I admit it. I barely ever make art anymore and even less frequently do I write..I miss it. The clicking of my fingers to the keyboard and the same 15 bands I’ve loved for ten years now because I’m actually old enough to have loved a band for ten years.
I like to live in this fantasy land and pretend art is my only love in this world and the driver of all of my decisions but at this point in my life at age 26, I’d be totally full of shit.
I care about having enough money to pay my bills and developing skills that are going to be growing in demand and surrounding myself with all these things that are so hard and exhausting that I cant even step outside and have a cup of tea with my creative side with a brush in hand.
Maybe it’s that, or maybe it’s that I really don’t feel tormented or like I have something that hurts me and that’s what creates the inspiration for making art for me most of the time, after all.
Whatever this new year -2016 (not two-thousand sixteen, as my close friend Jake would have it) intends to bring to my life, I accept it open arms. I doubt I will paint more, with a budding career but I do hope to meet an support my art communities locally and internationally and hope to at least meet my idols in the space one day. For now, I am just happy to exist and to be able to write and engage with the word in all of the interesting ways the internet allows us to do so.
I am going to work hard, build my garden home here in Florida and hopefully have many more fulfilling experiences this year traveling and being in love.
Do you remember that mood you were in when you took that photo or posted that status update?
That’s the point of it all, I thought. To capture some fleeting memory of a specific way you felt. That’s the point of applications such as instagram and Facebook and twitter. That’s the reason why humans do anything. We are so important and everything we’ve ever felt should be documented and shared, what other point could there be to existing in the first place?
I remember all of these little moods. These little things I captured, and never put anywhere. They are private and matter only to me- not to anyone else.
As many other artists, scientists, authors and people have loved their cats before me. This is my cat. I haven’t had her very long, just a few short months but I really like her. Her name is Duchess, and she was adopted at 8 years old. She doesn’t like to sit my on lap, but she’s always nearby. She’s got white fur and big green eyes and she doesn’t like other animals at all, just me. She likes neck scritches and meows like an old woman that spent many years smoking cigarettes. She has a sensitive stomach and dislikes dogs. I picked her because she rubbed her head against the phone when I started playing the Velvet Underground in the room she was in when I was at the spca. Little did I know she just rubs her head on everything 🙂
I am fairly certain the pressure of making a really high quality first post for the new year made me put it off for way longer than I should have. That, coupled with a phase of mounting depression (that has since eased it’s way out of my life- goodbye December!) equates to my not having written in over two months. Shame on me! I’ve done a few things since then though, very little having anything to do with art at all. I have grown a lot as a person, a professional, a graphic designer and a friend. I’m focusing a lot of growing my knowledge but I am still going to maintain my presence as camicamirobot. I have been using a lot of glitter lately, manifesting myself artistically with just a little bit more chaos.I am falling in love with creatures. These are all a little bit old and still not the entire update of work as of late and I am still trying to decide if I want to include any small insensitive comics and miscellaneous content on here or if I want to stop being so segregated with my personal art marketing or not and blah blah i have so much on my mind lately. Praise be you. I love listening to Common People but my coffee is cold and it this room is cold and I have no clean underwear, so goodnight.
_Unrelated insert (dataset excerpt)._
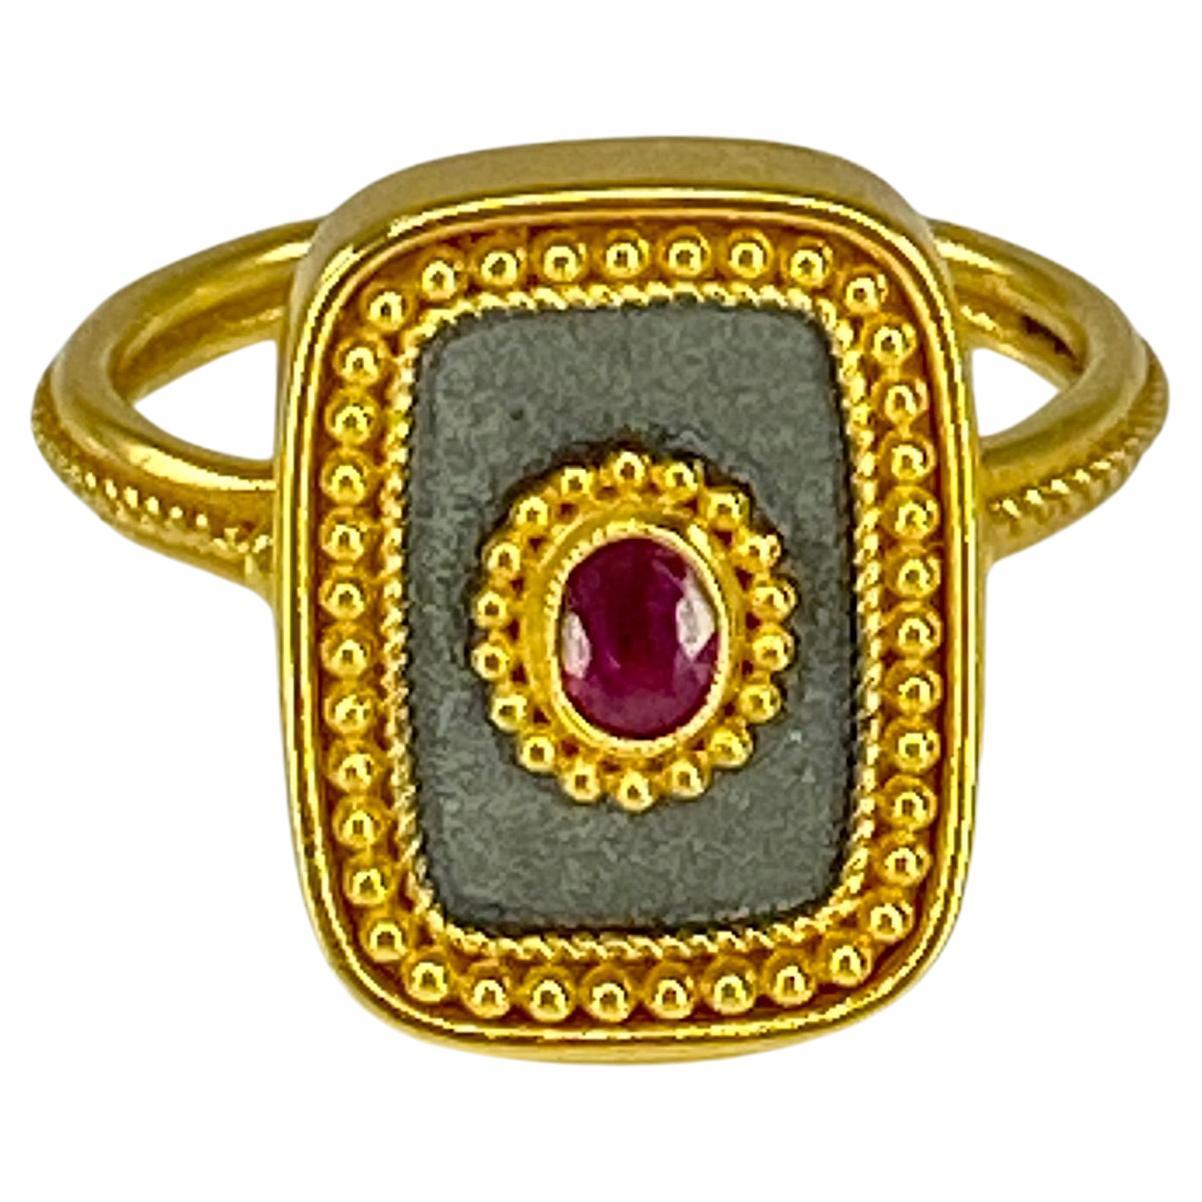 This S.Georgios designer ring is handmade from solid 18 Karat Yellow Gold and is microscopically decorated with Byzantine-style granulation work creating a stunning art piece. This beautiful long ring features an elegant center oval-cut natural Ruby
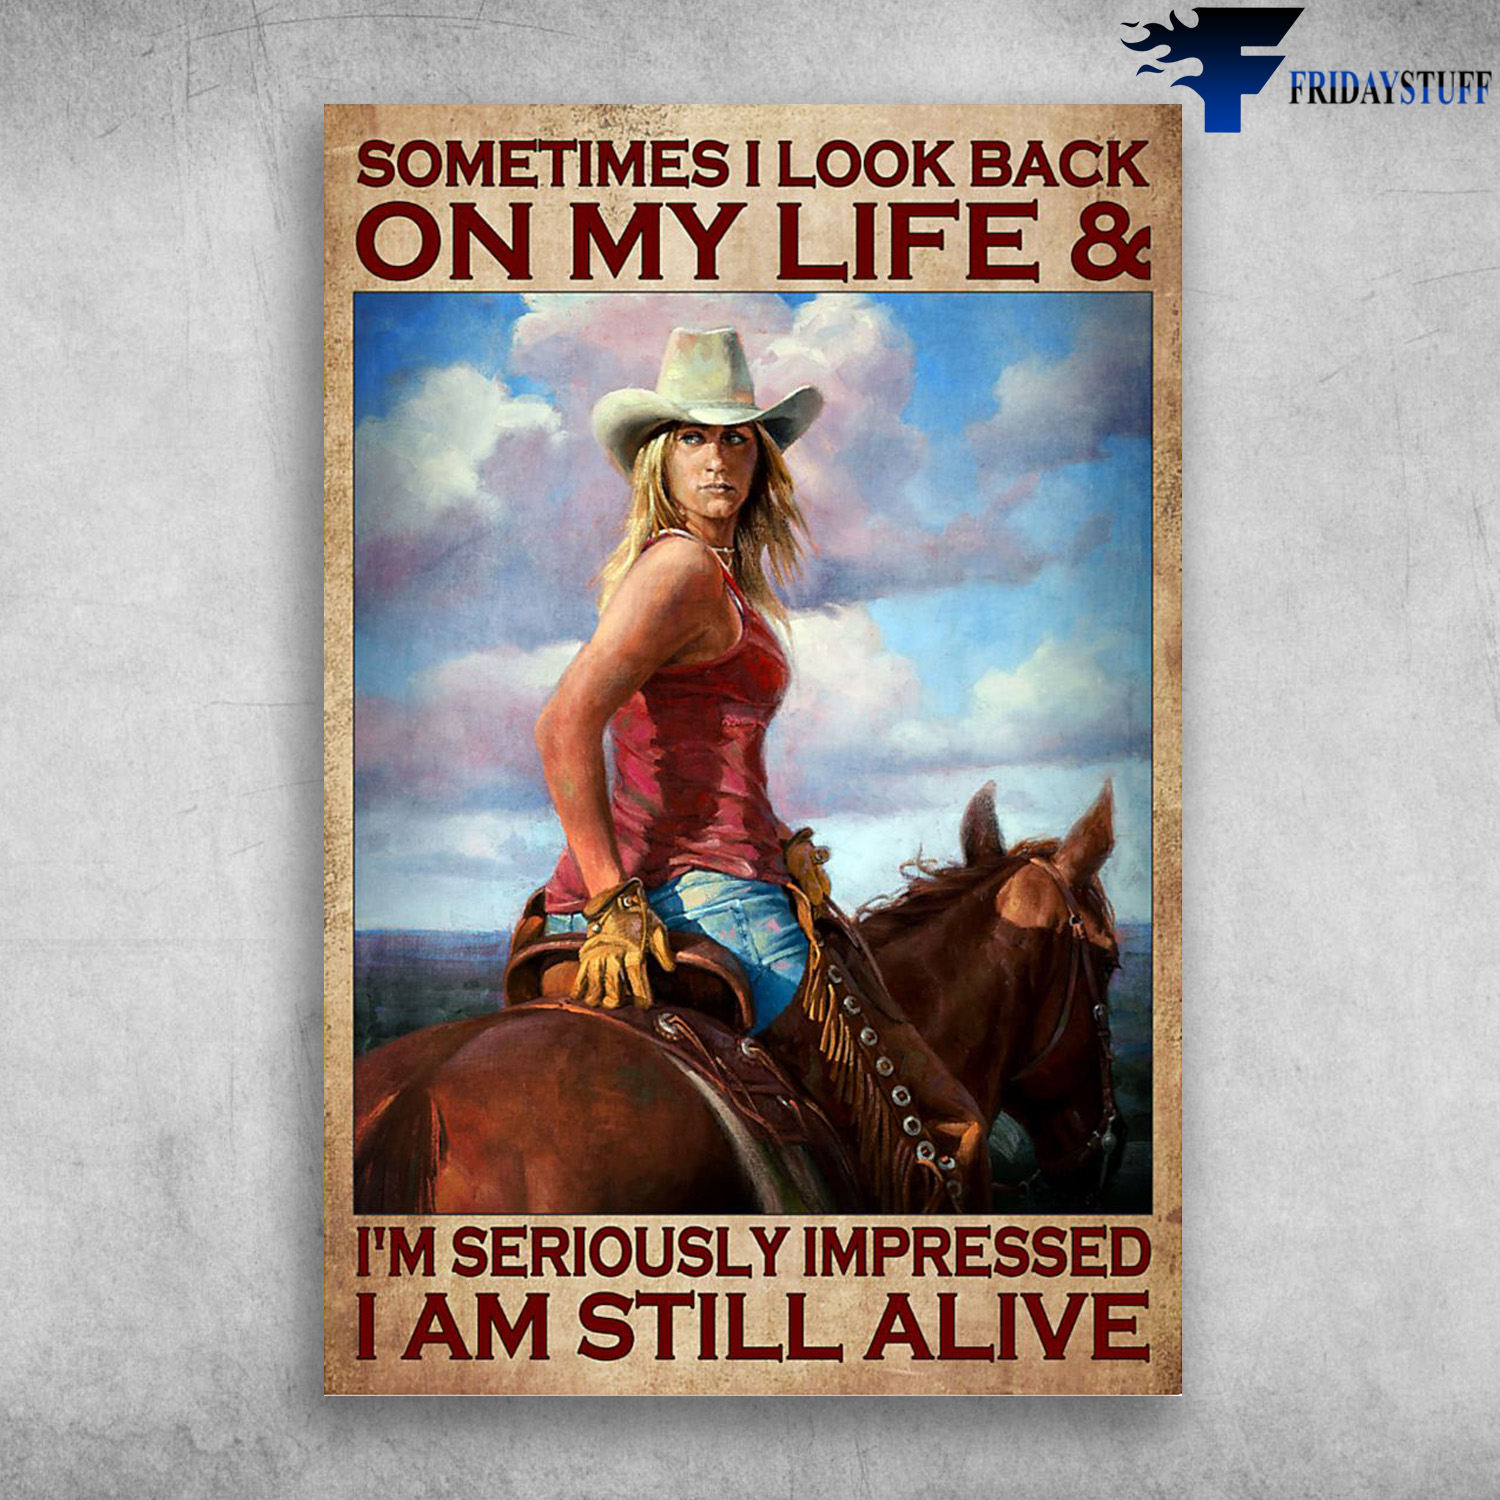 Cowgirl On The Horse - Sometime I Look Back On My Life And I'm Seriously Impressed, I Am Still Alive

I’ve got some sketchbook drawings before I succumb to the weekend and make new art. If you’re following me on twitter then you will already know about my recent art baptism the other night. Anything in the gallery that you may find pleasant and want to purchase is now unavailable and I am debating creating a new gallery page for artwork that is created from this point on. (thoughts?) I was going through old sketchbooks because I want to throw out my old sketchbooks (I have a lot of them) and I need to really consolidate all of the neat things I collect. Antique jars, hello kitty stuffed animals, portfolios full of graphic designs for fancy corporations and also avant-garde paintings done with the delicacy and detail and nightmarish aesthetic could only dream of. Drawings made by me. I want to force myself to draw things that are happier. I’m hoping it’s going to inspire me to be a happier and less mean person. I don’t want to paint or draw broken people anymore. In an impassioned post recently I wrote so eloquently,
“someone on the bus this morning choked on an ice-cube and his dentures fell into his lap and I’ve been so sad and uncomfortable all day ever since. He was sitting next to me and he was so old and dejected and sad and his breath smelled like chemicals. I always have painted broken people, amputees, bruised and injured, because that’s always how I feel. Ten years later and I am still an amputee on the inside.” (11-10-14)
and I’ve made the first steps towards being happier and more pleasant. To growing my arms and legs back and being complete for once. I can grow limbs if I try hard enough. I know I can.